EXERCISE OBJECTIVE
Tally up the lines below containing the string "thumbnail", then write the number alone.
START SOURCE MATERIAL
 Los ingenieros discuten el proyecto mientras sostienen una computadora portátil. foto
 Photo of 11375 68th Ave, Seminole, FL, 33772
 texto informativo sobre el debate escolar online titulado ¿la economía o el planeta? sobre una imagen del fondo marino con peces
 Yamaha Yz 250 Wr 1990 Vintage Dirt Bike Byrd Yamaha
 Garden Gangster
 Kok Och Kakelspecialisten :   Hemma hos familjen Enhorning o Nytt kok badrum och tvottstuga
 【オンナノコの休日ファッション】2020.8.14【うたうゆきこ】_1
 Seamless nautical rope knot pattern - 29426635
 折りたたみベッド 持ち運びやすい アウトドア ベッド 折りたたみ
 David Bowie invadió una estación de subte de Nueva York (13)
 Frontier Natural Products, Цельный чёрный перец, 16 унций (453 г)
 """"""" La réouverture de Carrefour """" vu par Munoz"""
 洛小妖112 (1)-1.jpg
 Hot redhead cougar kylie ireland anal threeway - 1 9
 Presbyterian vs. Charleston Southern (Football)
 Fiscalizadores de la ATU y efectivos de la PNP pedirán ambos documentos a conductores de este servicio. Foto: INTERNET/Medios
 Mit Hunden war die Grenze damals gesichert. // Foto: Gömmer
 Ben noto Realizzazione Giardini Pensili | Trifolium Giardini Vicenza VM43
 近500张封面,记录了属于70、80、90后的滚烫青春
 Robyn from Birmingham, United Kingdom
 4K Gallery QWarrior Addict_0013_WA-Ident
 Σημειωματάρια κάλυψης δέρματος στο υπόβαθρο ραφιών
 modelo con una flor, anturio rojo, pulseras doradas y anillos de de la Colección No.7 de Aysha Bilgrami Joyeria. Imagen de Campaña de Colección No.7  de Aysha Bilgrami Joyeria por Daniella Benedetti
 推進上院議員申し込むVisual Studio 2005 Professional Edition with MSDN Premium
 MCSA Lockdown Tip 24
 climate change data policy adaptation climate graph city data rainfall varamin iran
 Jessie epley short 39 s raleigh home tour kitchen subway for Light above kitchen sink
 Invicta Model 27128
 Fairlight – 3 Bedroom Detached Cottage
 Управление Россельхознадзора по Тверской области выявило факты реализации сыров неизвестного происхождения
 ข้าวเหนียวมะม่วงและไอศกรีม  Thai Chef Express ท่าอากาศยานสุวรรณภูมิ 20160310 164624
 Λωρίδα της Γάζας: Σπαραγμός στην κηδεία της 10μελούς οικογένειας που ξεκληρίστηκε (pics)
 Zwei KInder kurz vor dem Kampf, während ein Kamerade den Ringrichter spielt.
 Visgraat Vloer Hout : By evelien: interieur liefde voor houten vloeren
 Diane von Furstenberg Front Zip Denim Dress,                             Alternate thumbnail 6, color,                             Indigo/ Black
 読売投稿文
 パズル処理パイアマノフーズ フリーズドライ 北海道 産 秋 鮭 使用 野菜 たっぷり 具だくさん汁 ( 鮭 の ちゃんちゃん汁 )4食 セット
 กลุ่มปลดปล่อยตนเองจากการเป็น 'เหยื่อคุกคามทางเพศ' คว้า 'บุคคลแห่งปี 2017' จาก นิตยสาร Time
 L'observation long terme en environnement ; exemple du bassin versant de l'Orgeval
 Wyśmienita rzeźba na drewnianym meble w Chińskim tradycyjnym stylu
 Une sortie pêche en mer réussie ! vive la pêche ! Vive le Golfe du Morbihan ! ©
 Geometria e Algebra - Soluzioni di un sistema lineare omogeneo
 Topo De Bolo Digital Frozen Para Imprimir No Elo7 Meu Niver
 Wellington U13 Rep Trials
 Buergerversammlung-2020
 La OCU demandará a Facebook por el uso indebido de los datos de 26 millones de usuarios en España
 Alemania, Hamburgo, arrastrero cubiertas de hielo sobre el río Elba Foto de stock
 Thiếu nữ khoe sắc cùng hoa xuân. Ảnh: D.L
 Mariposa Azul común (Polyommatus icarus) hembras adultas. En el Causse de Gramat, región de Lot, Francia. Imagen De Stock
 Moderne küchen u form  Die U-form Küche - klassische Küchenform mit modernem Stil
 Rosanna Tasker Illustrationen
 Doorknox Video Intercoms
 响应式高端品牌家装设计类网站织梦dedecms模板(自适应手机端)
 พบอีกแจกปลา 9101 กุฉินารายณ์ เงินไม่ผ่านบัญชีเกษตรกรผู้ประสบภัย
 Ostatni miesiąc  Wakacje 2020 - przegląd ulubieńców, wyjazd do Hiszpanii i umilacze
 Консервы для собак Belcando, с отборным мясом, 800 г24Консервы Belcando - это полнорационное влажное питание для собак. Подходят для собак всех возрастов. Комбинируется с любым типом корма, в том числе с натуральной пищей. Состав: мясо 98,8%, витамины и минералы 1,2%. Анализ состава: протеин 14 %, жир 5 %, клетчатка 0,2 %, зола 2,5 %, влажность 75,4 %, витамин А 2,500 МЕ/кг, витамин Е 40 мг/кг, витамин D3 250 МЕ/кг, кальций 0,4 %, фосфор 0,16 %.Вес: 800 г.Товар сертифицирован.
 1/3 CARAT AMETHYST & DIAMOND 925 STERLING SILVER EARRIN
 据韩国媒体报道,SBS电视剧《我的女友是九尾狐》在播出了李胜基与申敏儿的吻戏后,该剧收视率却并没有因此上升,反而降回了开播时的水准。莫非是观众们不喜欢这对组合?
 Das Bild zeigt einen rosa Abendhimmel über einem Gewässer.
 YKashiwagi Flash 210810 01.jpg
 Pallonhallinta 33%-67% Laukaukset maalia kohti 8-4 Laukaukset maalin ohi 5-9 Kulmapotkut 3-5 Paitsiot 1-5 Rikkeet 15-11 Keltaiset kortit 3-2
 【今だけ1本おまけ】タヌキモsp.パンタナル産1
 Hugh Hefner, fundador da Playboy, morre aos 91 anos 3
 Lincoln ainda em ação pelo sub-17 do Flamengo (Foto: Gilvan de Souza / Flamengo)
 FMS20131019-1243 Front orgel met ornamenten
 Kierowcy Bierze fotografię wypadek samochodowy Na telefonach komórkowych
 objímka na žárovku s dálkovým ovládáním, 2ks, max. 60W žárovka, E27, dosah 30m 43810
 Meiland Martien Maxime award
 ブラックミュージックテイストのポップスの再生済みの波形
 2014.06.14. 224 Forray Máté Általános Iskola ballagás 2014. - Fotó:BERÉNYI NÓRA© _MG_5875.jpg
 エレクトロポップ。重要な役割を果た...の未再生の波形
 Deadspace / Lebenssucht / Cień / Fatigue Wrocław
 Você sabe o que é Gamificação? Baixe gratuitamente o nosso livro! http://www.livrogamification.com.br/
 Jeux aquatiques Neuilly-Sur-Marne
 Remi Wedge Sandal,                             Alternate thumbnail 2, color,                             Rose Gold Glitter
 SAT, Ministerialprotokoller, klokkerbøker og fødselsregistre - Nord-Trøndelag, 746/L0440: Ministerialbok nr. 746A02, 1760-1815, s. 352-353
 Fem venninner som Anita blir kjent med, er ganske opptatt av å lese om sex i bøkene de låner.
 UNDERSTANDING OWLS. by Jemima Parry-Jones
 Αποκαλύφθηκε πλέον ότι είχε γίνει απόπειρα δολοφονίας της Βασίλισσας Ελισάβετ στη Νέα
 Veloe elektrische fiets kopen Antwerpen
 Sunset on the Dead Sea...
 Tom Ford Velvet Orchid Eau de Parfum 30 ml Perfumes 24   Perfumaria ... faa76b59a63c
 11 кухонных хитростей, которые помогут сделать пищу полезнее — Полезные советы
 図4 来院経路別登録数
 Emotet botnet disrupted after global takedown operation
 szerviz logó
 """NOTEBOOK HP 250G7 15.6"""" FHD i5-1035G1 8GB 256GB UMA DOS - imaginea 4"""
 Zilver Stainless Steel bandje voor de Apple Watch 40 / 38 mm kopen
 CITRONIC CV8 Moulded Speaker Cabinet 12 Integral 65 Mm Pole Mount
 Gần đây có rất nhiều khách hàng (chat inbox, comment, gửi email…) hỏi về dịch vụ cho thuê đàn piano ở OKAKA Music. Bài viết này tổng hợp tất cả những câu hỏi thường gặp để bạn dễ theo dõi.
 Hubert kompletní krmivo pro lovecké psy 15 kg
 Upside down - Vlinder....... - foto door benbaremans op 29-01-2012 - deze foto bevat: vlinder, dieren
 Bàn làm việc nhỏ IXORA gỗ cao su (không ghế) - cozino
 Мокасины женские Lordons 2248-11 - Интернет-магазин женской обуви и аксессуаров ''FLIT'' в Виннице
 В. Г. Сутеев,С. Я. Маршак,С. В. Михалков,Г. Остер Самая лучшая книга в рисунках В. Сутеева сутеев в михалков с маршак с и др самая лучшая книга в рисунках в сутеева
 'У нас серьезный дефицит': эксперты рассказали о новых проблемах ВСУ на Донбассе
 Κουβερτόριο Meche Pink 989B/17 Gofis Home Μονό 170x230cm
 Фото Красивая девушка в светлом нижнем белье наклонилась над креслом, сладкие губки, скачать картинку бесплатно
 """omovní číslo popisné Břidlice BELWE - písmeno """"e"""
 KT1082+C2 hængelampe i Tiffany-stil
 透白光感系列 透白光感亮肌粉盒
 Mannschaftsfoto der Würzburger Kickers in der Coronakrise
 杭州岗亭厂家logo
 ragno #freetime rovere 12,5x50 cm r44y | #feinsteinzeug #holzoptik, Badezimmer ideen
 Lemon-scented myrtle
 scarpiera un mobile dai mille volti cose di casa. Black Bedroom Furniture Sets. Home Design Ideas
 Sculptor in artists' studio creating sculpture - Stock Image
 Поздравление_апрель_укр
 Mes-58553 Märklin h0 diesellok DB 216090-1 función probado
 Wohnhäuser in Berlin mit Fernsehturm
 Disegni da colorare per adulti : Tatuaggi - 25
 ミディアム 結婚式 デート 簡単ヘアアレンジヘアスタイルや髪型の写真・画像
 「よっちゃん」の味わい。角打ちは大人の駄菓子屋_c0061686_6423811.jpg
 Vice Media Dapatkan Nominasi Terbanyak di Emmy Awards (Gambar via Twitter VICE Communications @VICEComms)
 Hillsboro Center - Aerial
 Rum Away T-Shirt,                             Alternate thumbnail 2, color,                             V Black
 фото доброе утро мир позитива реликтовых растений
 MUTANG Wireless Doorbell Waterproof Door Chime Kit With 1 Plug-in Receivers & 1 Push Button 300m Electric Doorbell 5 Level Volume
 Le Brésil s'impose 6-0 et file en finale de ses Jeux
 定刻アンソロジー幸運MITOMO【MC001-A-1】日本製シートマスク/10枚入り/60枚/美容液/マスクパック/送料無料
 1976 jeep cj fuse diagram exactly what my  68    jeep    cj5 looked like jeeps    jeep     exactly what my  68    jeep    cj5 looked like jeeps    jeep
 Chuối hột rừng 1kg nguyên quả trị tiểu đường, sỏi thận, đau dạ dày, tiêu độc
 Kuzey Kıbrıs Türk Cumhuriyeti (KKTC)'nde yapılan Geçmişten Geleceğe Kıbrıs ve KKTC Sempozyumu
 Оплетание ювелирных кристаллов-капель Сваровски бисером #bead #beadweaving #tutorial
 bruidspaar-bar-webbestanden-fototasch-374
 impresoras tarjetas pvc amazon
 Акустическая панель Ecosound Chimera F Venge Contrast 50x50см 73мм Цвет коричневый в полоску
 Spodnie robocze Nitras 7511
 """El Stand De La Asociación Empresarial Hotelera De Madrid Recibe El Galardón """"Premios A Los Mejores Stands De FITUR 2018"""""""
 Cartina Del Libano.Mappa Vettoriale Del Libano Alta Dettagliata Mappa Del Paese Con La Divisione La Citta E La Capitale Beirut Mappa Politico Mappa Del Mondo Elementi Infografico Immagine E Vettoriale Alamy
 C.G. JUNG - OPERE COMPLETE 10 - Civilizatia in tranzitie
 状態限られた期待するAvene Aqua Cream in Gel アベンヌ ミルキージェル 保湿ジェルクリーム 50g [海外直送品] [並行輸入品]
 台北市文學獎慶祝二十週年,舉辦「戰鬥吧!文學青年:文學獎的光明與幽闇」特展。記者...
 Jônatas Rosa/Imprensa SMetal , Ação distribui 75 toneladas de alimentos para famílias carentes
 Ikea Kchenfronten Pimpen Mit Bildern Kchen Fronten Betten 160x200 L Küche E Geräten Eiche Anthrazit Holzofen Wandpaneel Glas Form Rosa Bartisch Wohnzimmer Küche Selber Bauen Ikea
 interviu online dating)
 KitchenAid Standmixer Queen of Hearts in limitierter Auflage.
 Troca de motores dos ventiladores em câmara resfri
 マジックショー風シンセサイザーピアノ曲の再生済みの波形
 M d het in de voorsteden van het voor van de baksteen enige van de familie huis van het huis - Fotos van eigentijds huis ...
END SOURCE MATERIAL
WRITTEN ANSWER
3